И. Тестирование шейного отдела в положении сидя – сгибание и разгибание


Этот тест можно выполнять либо в активном, либо в пассивном режиме. Предпочтительным является активный режим, поскольку оценка отклонения в угловых градусах при нем будет более адекватной. Для того визуальной оценки степени сгибания и разгибания в шейном регионе, сбоку от головы пациента держат карандаш. Исходное положение – пациент сидит, выпрямившись. Инструкции даются следующим образом: «Сядьте прямо, голову тоже держите прямо, не наклоняя». Если вы ничего более не говорите, то вы увидите не более, чем представление пациента о том, какой должна быть правильная поза, что, кстати, тоже не вредно знать (рис. 6.49А). Если пациент держит голову нормально, то при максимальном наклоне головы вперед без сопутствующего смещения плеч угол отклонения карандаша от вертикали будет равен примерно 45 градусам (рис. 6.49Б).

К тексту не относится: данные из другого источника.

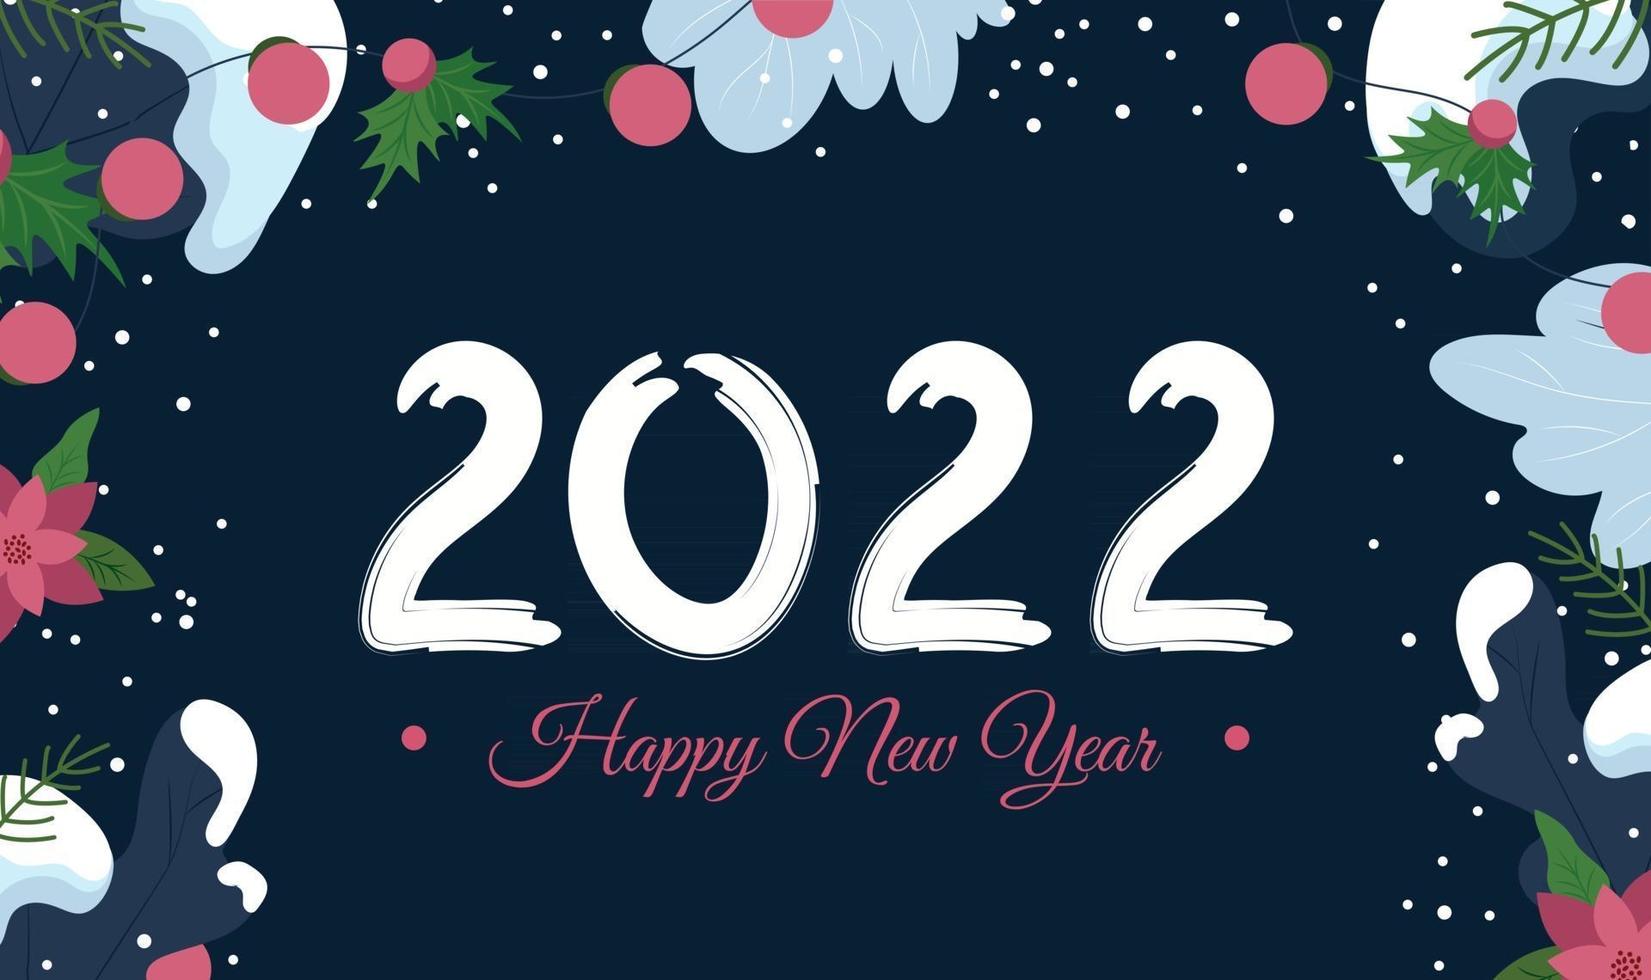 happy new year 2022 horizontal banner or greeting card template with elements of christmas tree and snowy branches cartoon background free vector

Далее пациент должен максимально откинуть голову назад (рот при этом лучше приоткрыть на тот случай, если закрепощена подкожная мышца шеи, как это показано на рис. 6.50), примерно на 90 градусов (рис. 6.49В). Соответственно, весь диапазон будет равен 135 градусам.

Если при исходном положении шеи есть лордоз, либо продиктованный ошибочным пониманием пациента ощущения правильной позы, либо возникший в силу неправильного объяснения, то соотношение «разгибание – сгибание» 2:1 будет либо изменено, либо вообще будет обратным.
Рис. 6.49А. Тестирование шейного отдела – сагиттальное движение.

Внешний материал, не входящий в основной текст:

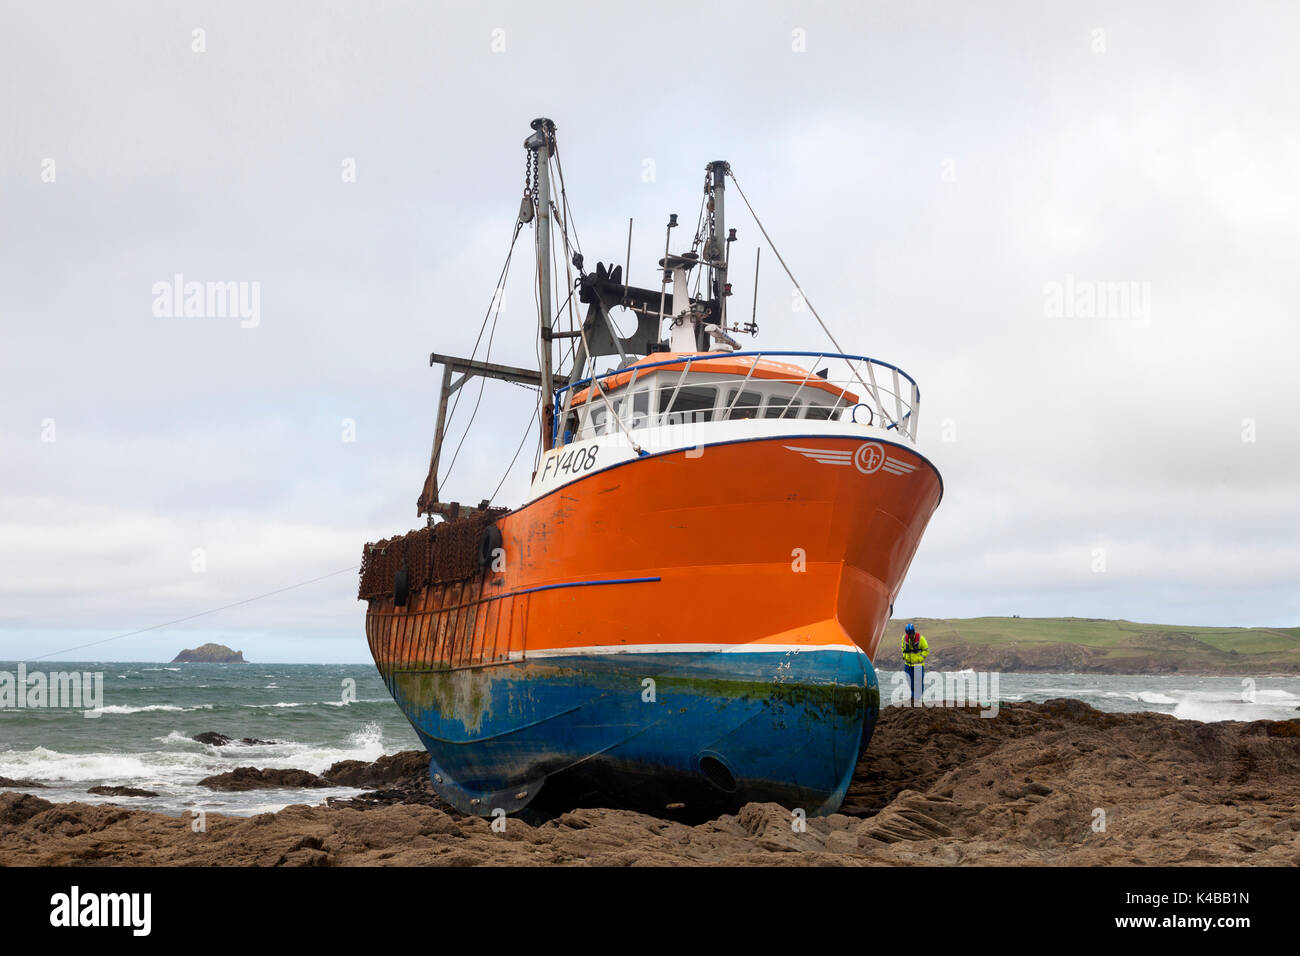 Greenaway Beach, Trebetherick, Cornwall, U.K. 5th September 2017. HM Coastguard watch over a stricken fishing trawler. The Cornish registered Le Men Du, reported to be worth £1M (GBP) ran aground on Tuesday morning. The vessel was re-floated at high tide Tuesday evening. Credit: Mark Richardson/Alamy Live News Stock Photo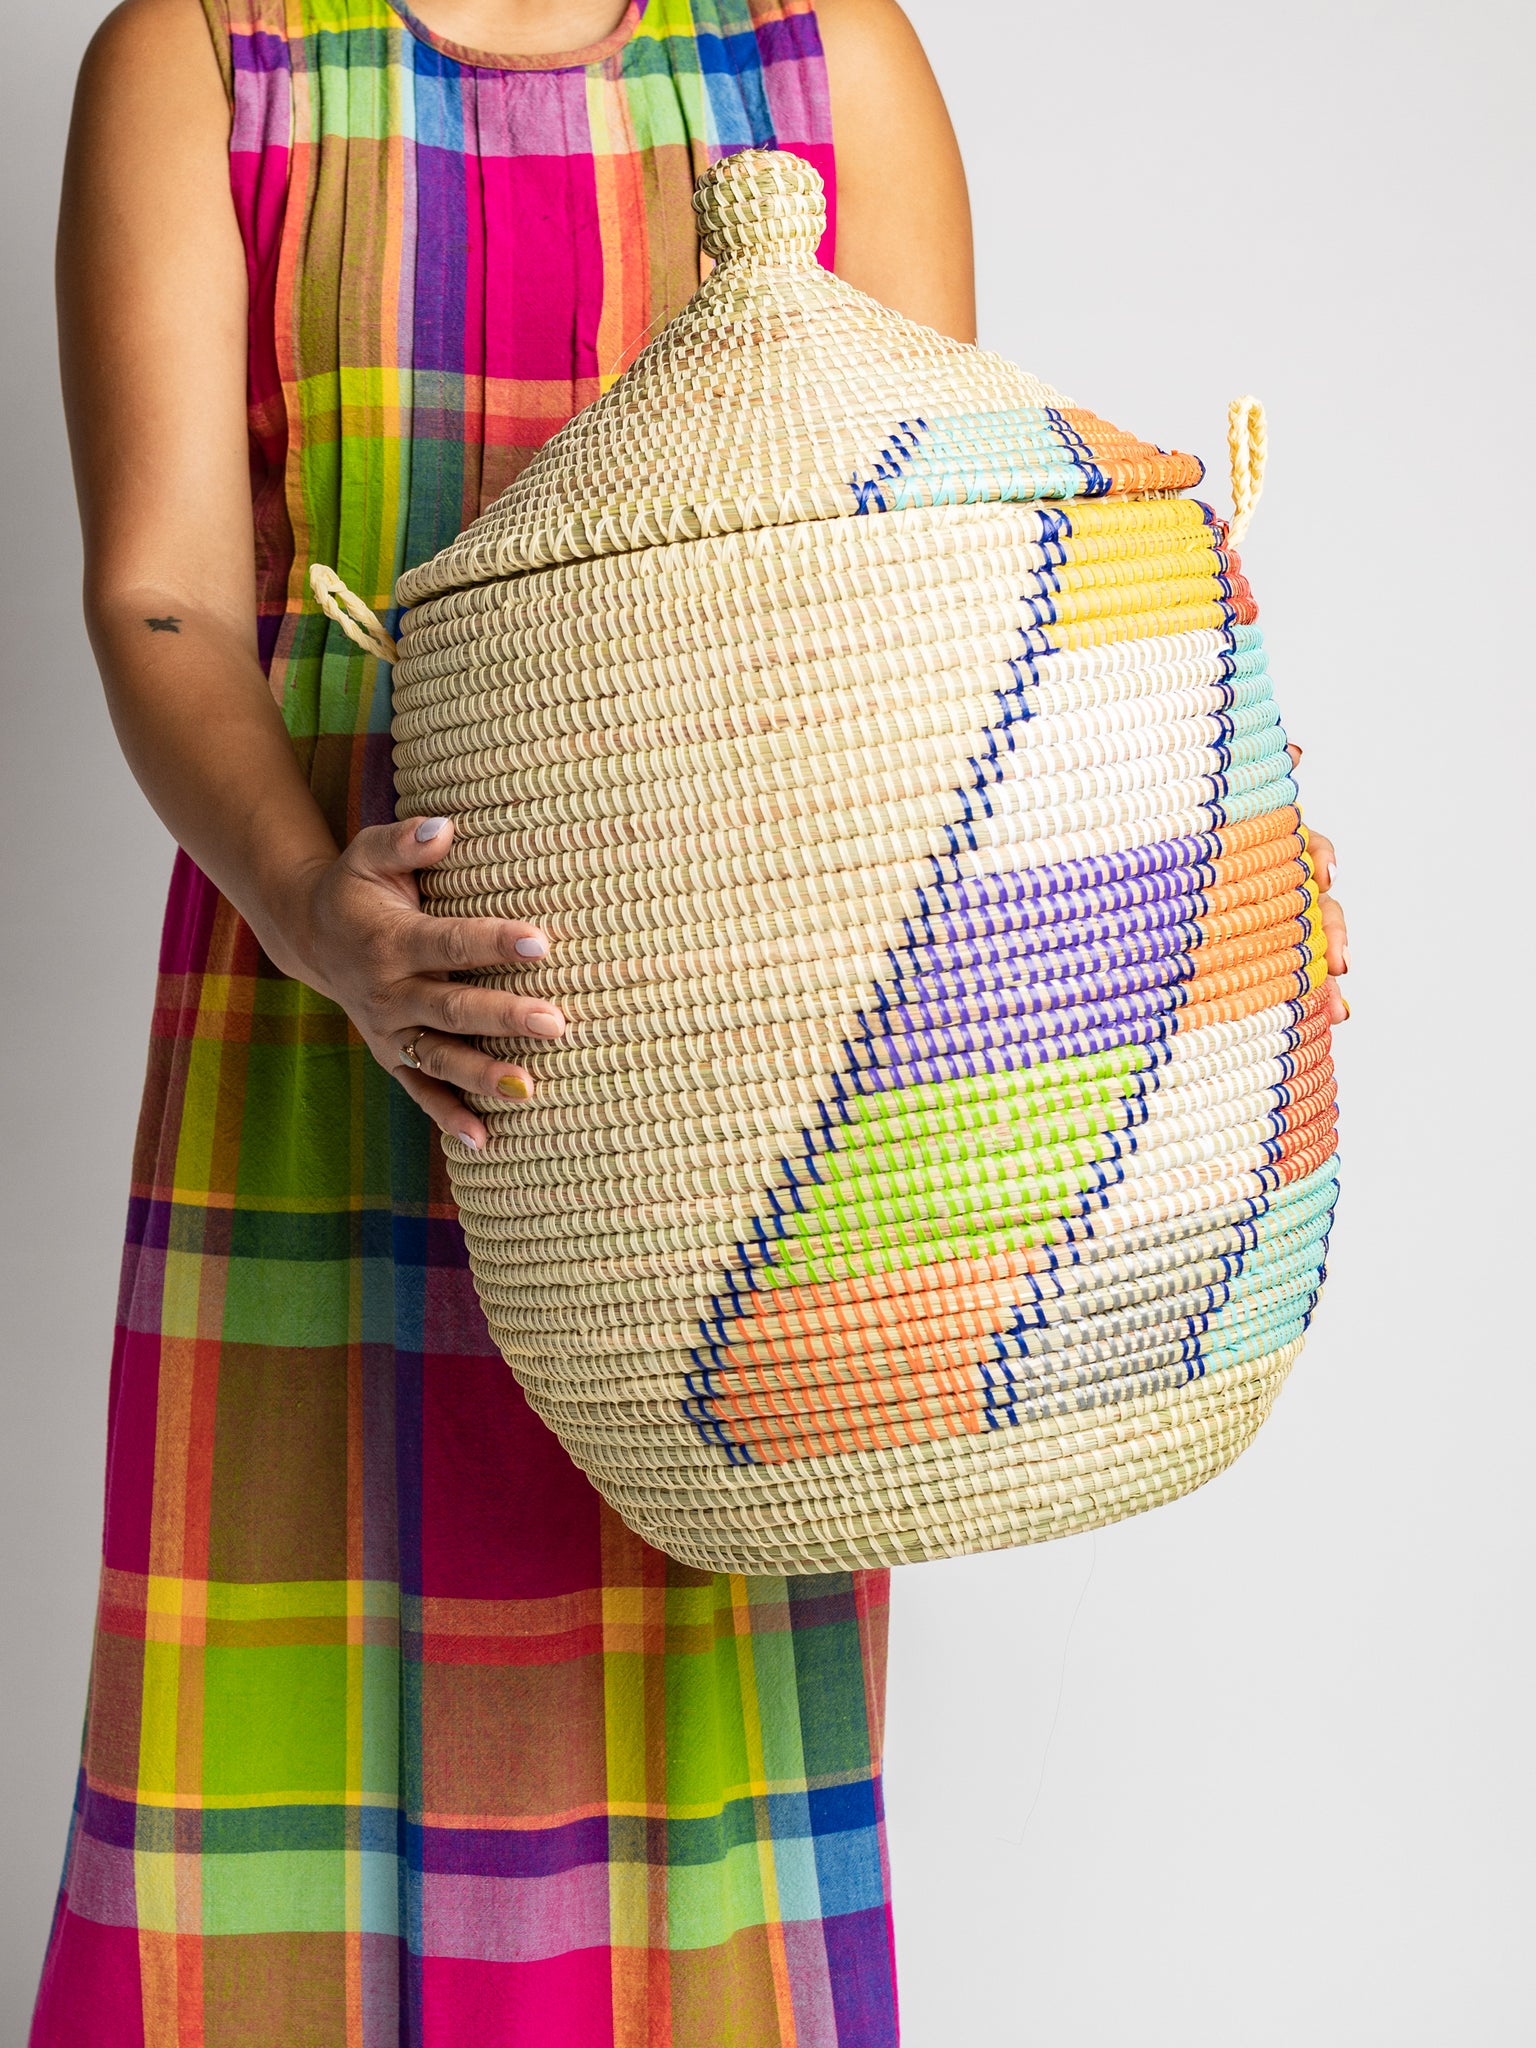 Basket - handwoven in West Africa with stripes, perfect for storage

Карандаш, поставленный вертикально сбоку от головы, будет являться угломером. Соотношение «сгибание – разгибание» должно быть 1:2. Лордоз в шейном отделе увеличивает диапазон сгибания и уменьшает диапазон разгибания, иногда – вплоть до получения обратного соотношения. На рисунке – голова держится прямо, отклонение карандаша от вертикали - ноль.
Рис. 6.49Б. Тестирование шейного отдела – сагиттальное движение.

Шея сгибается, отклонение карандаша от вертикали – 60 градусов.
Рис. 6.49В. Тестирование шейного отдела – сагиттальное движение.

Здесь отклонение карандаша от вертикали 90 градусов, соответственно, суммарный диапазон движения 150 градусов, что чуть больше среднего (135 градусов).
Рис. 6.50. Подкожная шейная мышца.

Закрепощенная подкожная шейная мышца ограничивает разгибание шеи. Попросите пациента приоткрыть рот. (Перепечатка с разрешения: Clemente CD. Anatomy: A Regional Atlas of the Human Body, 3rd Edition, Les & Febiger, 1987).

К. Тестирование при помощи пассивного наклона в сторону и ротации (Н)


(ШЕЙНЫЙ ОТДЕЛ)

То же самое исходное положение используется при тестировании наклоном в сторону (рис. 6.51) и ротацией (рис. 6.52) ШЕЙНОГО отдела. Здесь некоторые преимущества имеет пассивное выполнение теста. Ощущение конечной точки диапазона будет, в плане оценки острого/хронического заболевания, мышечного спазма или фиброза, весьма информативным. Нормальным диапазоном наклона в сторону считается 35-45 градусов, а поворота головы – 80-90 градусов в каждую сторону.
Примечание. При ротации в шейном отделе 5-10 дополнительных градусов дают четыре верхних грудных сегмента.
Рис. 6.51. Тест с боковым сгибанием шейного отдела.

Пассивное боковое сгибание должно выполняться в норме на 30-45 градусов, симметрично в обе стороны.
Рис. 6.52. Тест с ротацией шейного отдела.

Пассивная ротация должна выполняться примерно на 90 градусов в обе стороны.